Class imbalance is a very common problem when applying ML algorithms. Spam filtering is one such application where class imbalance is apparent. There are many more non-spam emails in a typical inbox than spam emails. The following approaches can be used to address the class imbalance problem.
- Designing an Asymmetric cost function where the cost of misclassifying a minority class is higher than the cost of misclassifying the majority class. Typically a scaling factor is assigned to the loss function terms belonging to the minority class, that can be adjusted during hyper parameter tuning. Note that the evaluation metric needs to be aligned as well to do hyper parameter tuning – for instance F1 score or AUC is a good measure over plain accuracy.

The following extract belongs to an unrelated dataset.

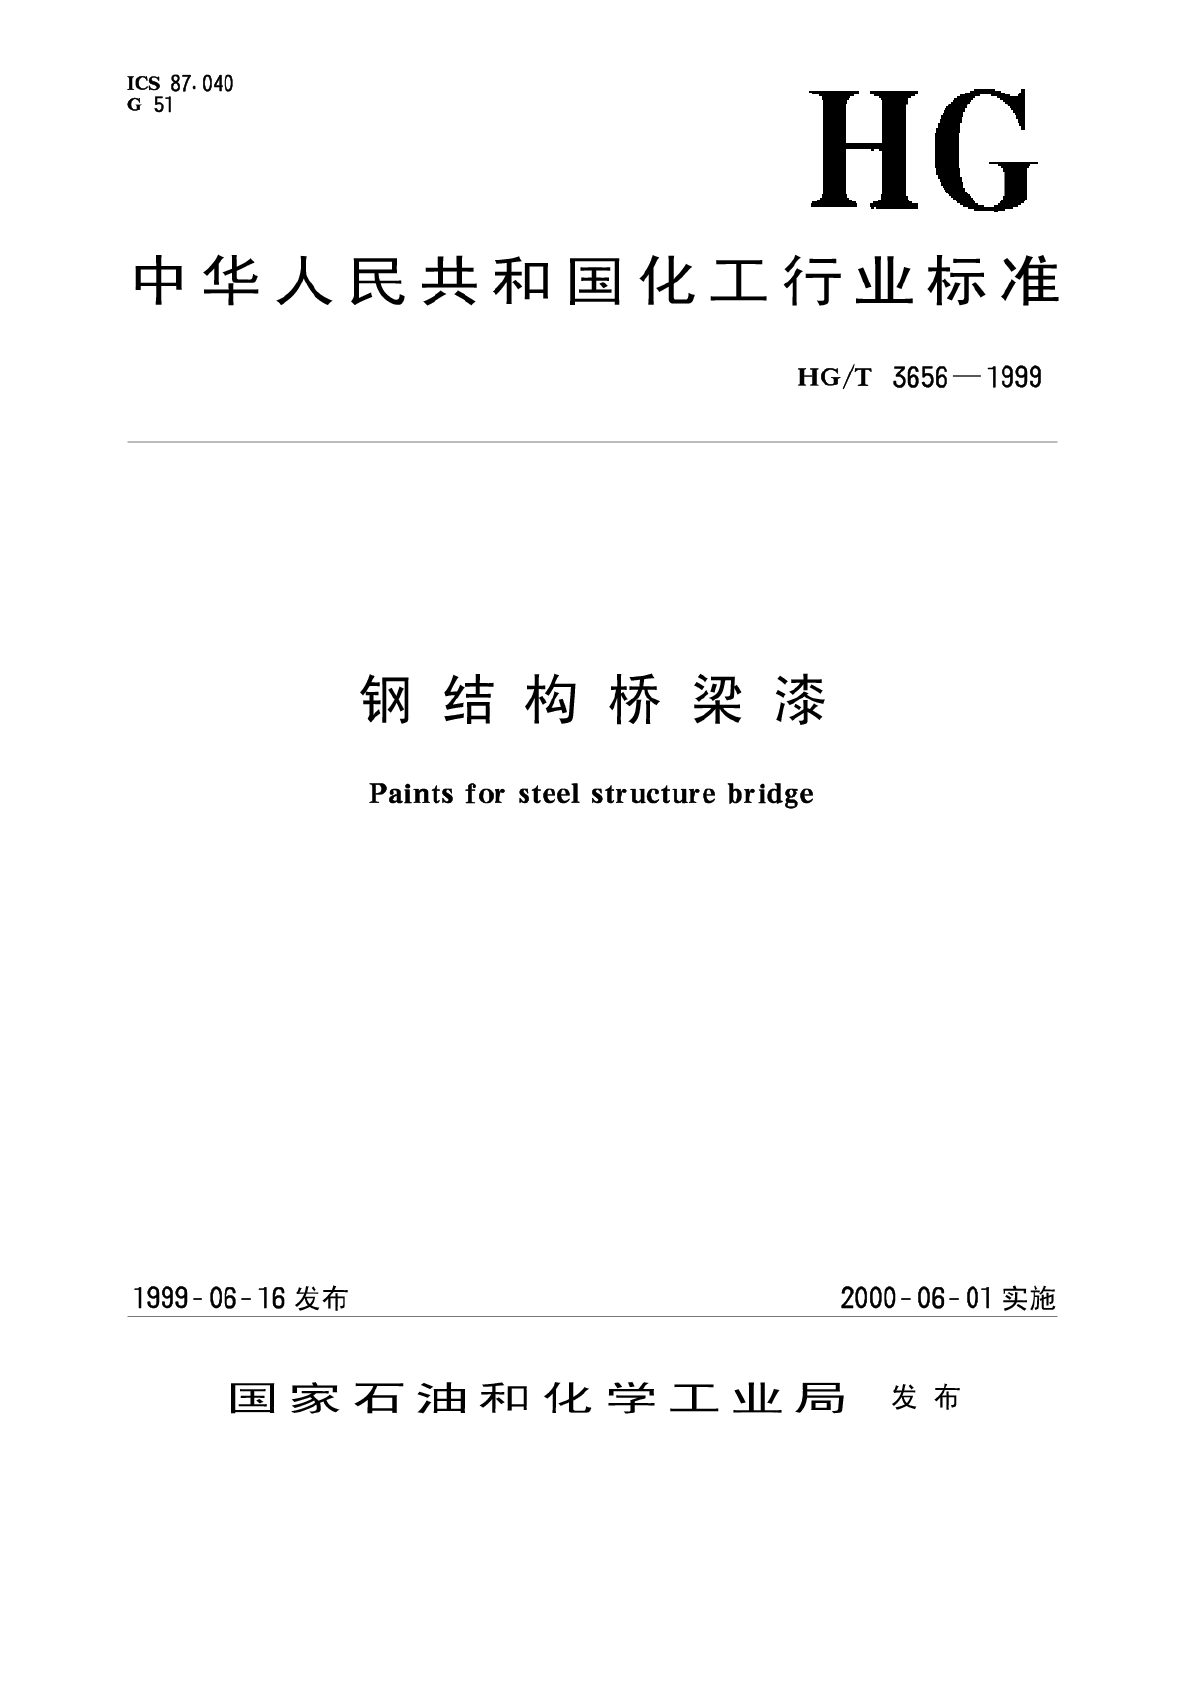 HG-T3656-1999钢结构桥梁漆.pdf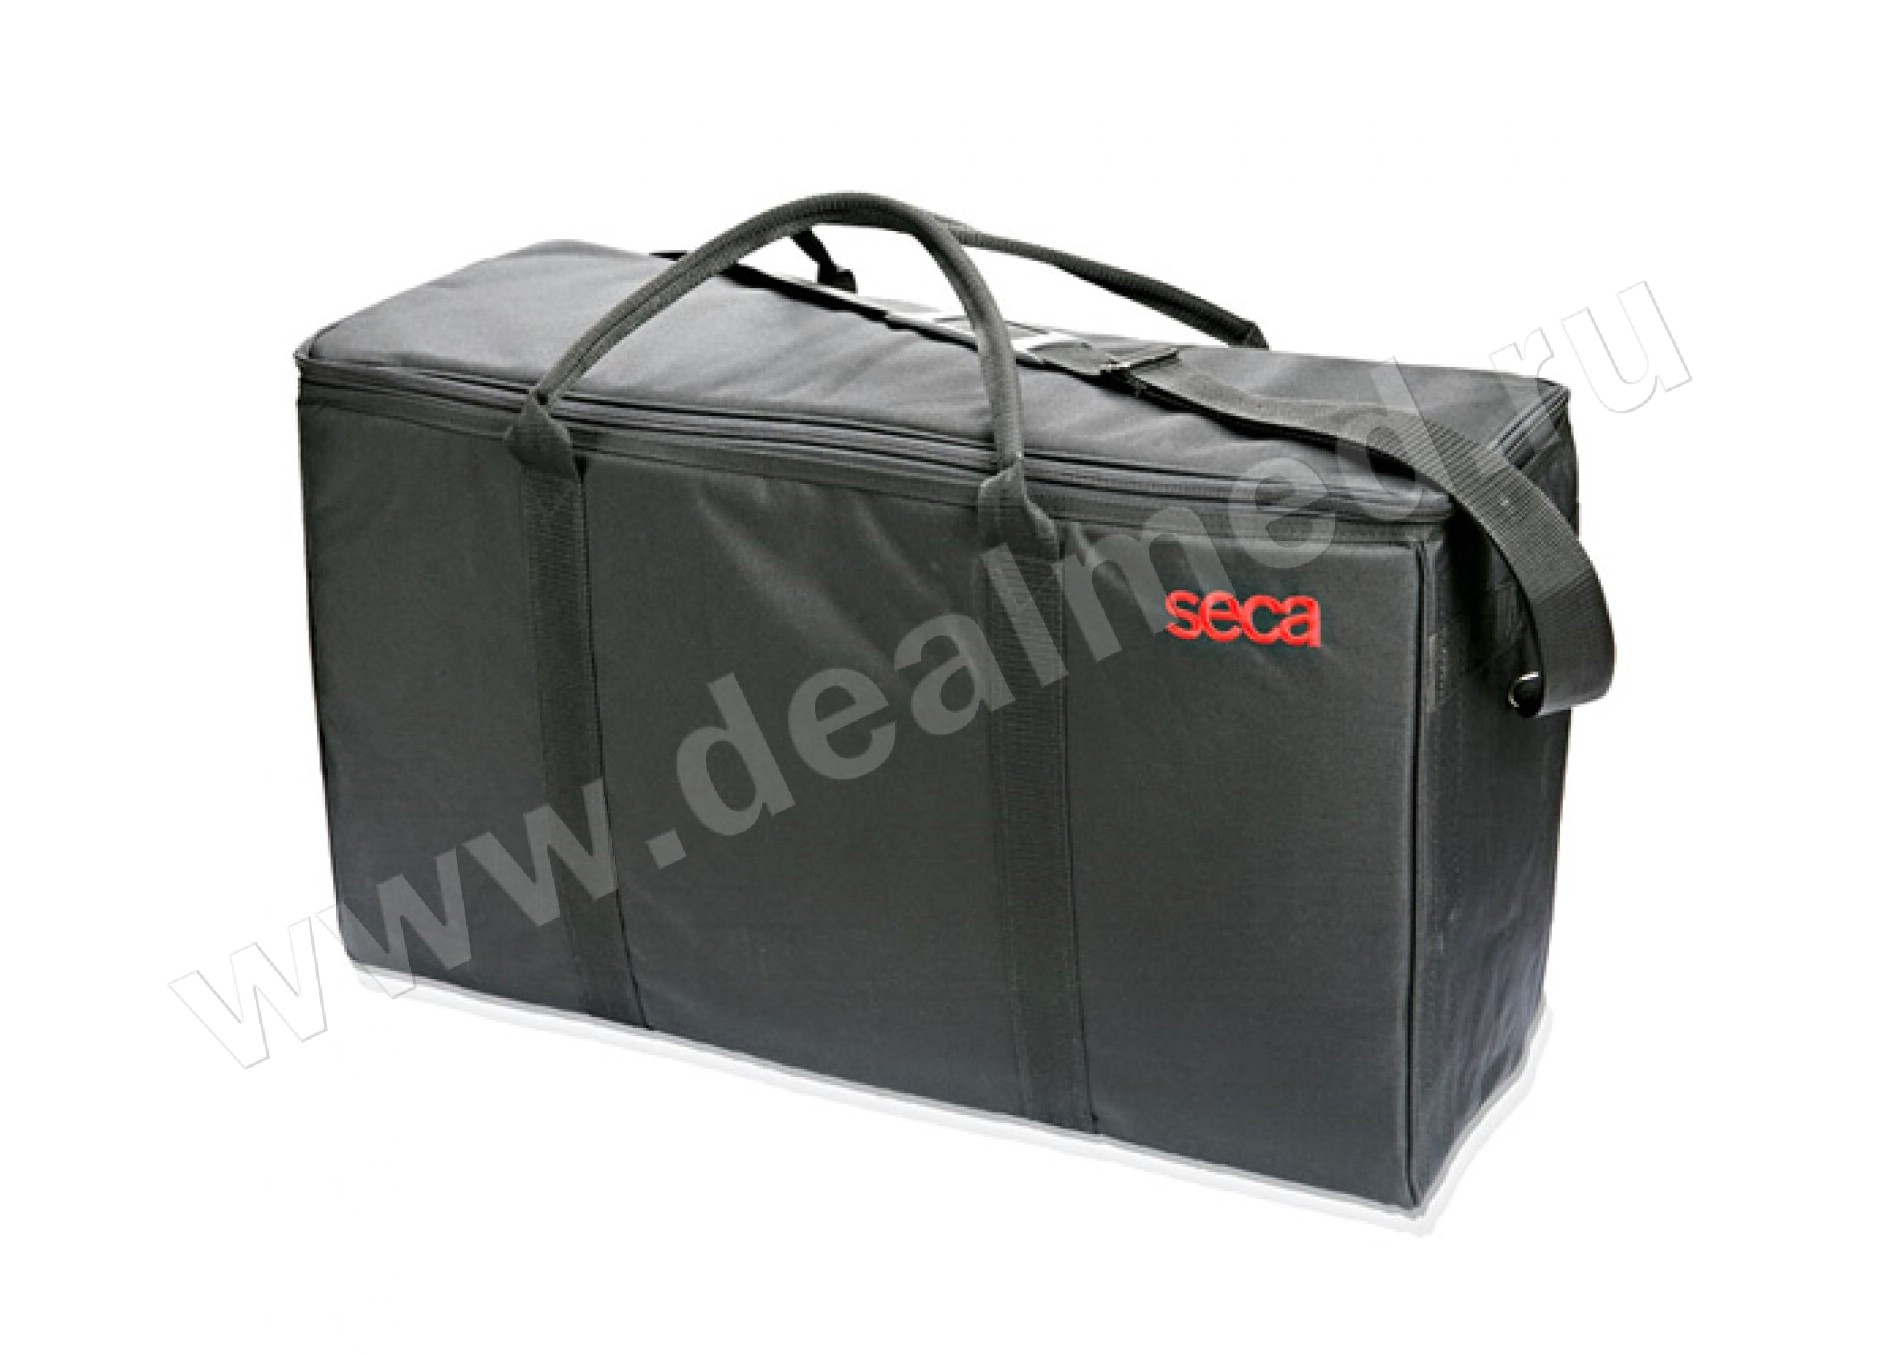 Транспортировочная сумка SECA 414 для детских весов seca 383 и seca 354, в комбинации с seca 417, Германия

- Under-sampling the majority class :
- Remove randomly sampled data points.
- Cluster data points and remove points from large clusters with random sampling.
- Over-sampling the minority class :
- SMOTE(Synthetic Minority Over-sampling Technique) is a popular tool for oversampling the minority class. A random vector v is selected that lies between the given sample s and any of the k nearest neighbours of s. The vector v is multiplied with a random number between 0 and 1. And this vector is added to s to give the new synthetic data point. In a way, it is making the k nearest neighbour of samples(from minority) more dense by oversampling.
- Randomly resampling data points. But remember resampling does not lead to enough independent data points to learn complex functions, but has the effect of assigning higher weight to some minority class data points.